Problem requirements:
Lines from the first one down to the one containing "Madden Faux Leather" in the data below are the only ones needed; please return them exactly, both ends included.
━━━━━━
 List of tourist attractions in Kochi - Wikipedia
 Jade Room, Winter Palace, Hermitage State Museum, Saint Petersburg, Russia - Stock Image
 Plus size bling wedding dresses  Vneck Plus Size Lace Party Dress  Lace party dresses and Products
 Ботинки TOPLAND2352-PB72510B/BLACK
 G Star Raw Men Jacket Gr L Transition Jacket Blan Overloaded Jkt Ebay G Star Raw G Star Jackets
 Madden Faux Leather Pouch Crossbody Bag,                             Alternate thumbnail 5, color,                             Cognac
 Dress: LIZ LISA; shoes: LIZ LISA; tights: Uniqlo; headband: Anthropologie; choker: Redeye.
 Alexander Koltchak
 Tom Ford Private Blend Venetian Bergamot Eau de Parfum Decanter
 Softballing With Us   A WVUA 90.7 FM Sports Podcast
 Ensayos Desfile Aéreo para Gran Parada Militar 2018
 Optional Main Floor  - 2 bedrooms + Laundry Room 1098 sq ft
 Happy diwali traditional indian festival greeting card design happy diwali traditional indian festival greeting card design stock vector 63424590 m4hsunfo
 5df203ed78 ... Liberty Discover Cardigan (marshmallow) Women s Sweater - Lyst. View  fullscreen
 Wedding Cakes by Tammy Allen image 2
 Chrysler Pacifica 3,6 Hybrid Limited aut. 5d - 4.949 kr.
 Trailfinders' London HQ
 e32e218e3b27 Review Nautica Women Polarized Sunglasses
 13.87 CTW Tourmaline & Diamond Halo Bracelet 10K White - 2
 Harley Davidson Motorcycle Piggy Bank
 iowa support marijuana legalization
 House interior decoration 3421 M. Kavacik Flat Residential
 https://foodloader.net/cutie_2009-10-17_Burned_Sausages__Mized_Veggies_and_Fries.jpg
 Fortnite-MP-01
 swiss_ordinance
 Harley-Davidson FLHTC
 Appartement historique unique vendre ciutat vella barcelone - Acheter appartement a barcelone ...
━━━━━━
Task answer:
 List of tourist attractions in Kochi - Wikipedia
 Jade Room, Winter Palace, Hermitage State Museum, Saint Petersburg, Russia - Stock Image
 Plus size bling wedding dresses  Vneck Plus Size Lace Party Dress  Lace party dresses and Products
 Ботинки TOPLAND2352-PB72510B/BLACK
 G Star Raw Men Jacket Gr L Transition Jacket Blan Overloaded Jkt Ebay G Star Raw G Star Jackets
 Madden Faux Leather Pouch Crossbody Bag,                             Alternate thumbnail 5, color,                             Cognac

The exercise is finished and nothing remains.